Magazinarchiv: 2001

Drunter & Drüber: Chorsatz leichtgemacht

5. Und jetzt mit Pepp!


In den ersten Teilen des Workshops ‚drunter & drüber‘ haben wir eine einfache Methode entwickelt um harmonische Chorsätze zu schreiben, also Stimmen zu finden, die über und unter der Hauptstimme verlaufen. Wir haben uns mit Akkordfärbungen beschäftigt und haben damit das Werkzeug für interessante Chorsätze.
Jetzt wollen wir aber noch mehr ‚Pepp‘ reinbringen und schauen uns an, wie wir unsere Stimmführung weiter ausbauen können. Wir benützen dabei sogenannte ‚Chor-Effekte‘, also Stimmführungen, die unsere Hauptstimme ergänzen, umspielen, erweitern und so weiter. Schauen wir uns einige der Möglichkeiten an. Ich habe wieder den Anfang eines einfachen Liedes genommen.

Mit unserer Lineal-Methode schreiben wir einen einfachen Chorsatz dazu.

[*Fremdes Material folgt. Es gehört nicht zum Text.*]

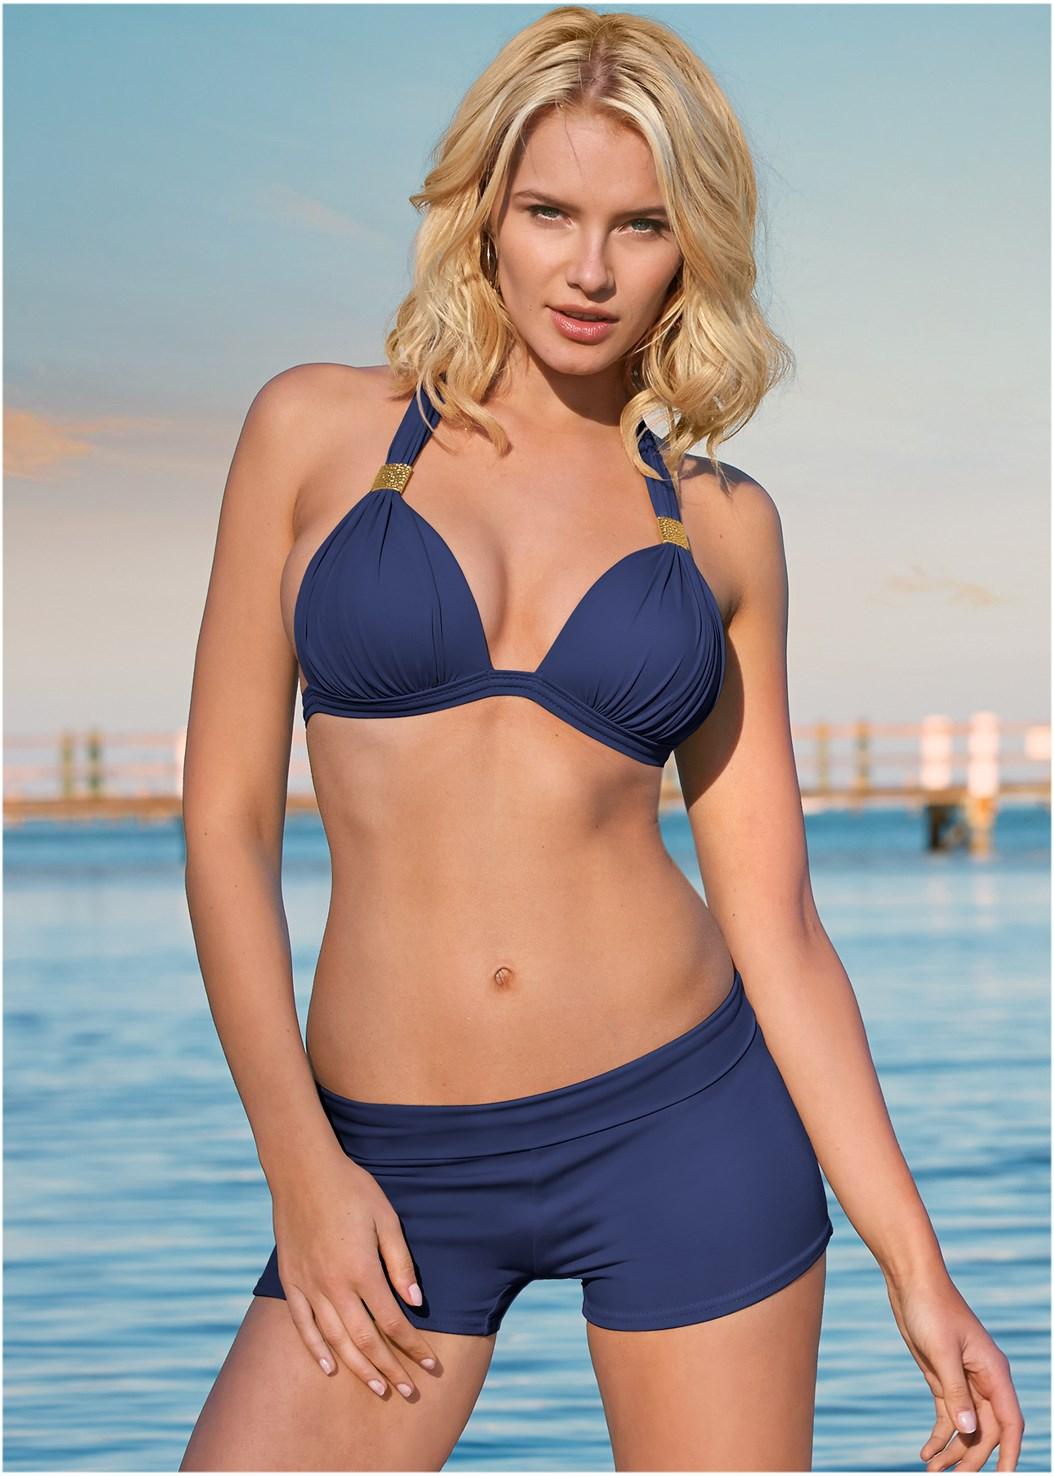 Goddess Enhancer Push Up Halter Top,Swim Short,Sheer Caftan Cover-Up

Ebenfalls aus den früheren Workshops übernehme ich Akkord-Färbungen und dabei ergibt sich folgender

Bei all den oben geschriebenen Chorsätzen habe ich folgendes Prinzip verwendet:
Jede Note der Hauptstimme wird ergänzt durch eine Note der ‚dr&dr‘-Stimme (drunter & drüber).
Jetzt wollen wir dieses Prinzip verlassen und zusätzliche Stimmen zur Hauptstimme suchen, die rhythmisch nichts (oder wenig) mit der Rhythmik der Hauptstimme zu tun haben.

Fläche
Wir begleiten unsere Hauptstimme mit einer Chorfläche, also lang ausgehaltenen Tönen aus der entsprechenden Harmonie. Dabei dürfen Töne der Hauptstimme mitverwendet werden. Wichtig hierbei ist, dass wenig Tonwechsel vorkommen und möglichst kleine Tonsprünge.
Hier mal einige Möglichkeiten, wobei ich immer zwei (oder drei) Töne aus dem zugrundeliegenden Akkord wähle (Harmonielehre siehe Teil 2)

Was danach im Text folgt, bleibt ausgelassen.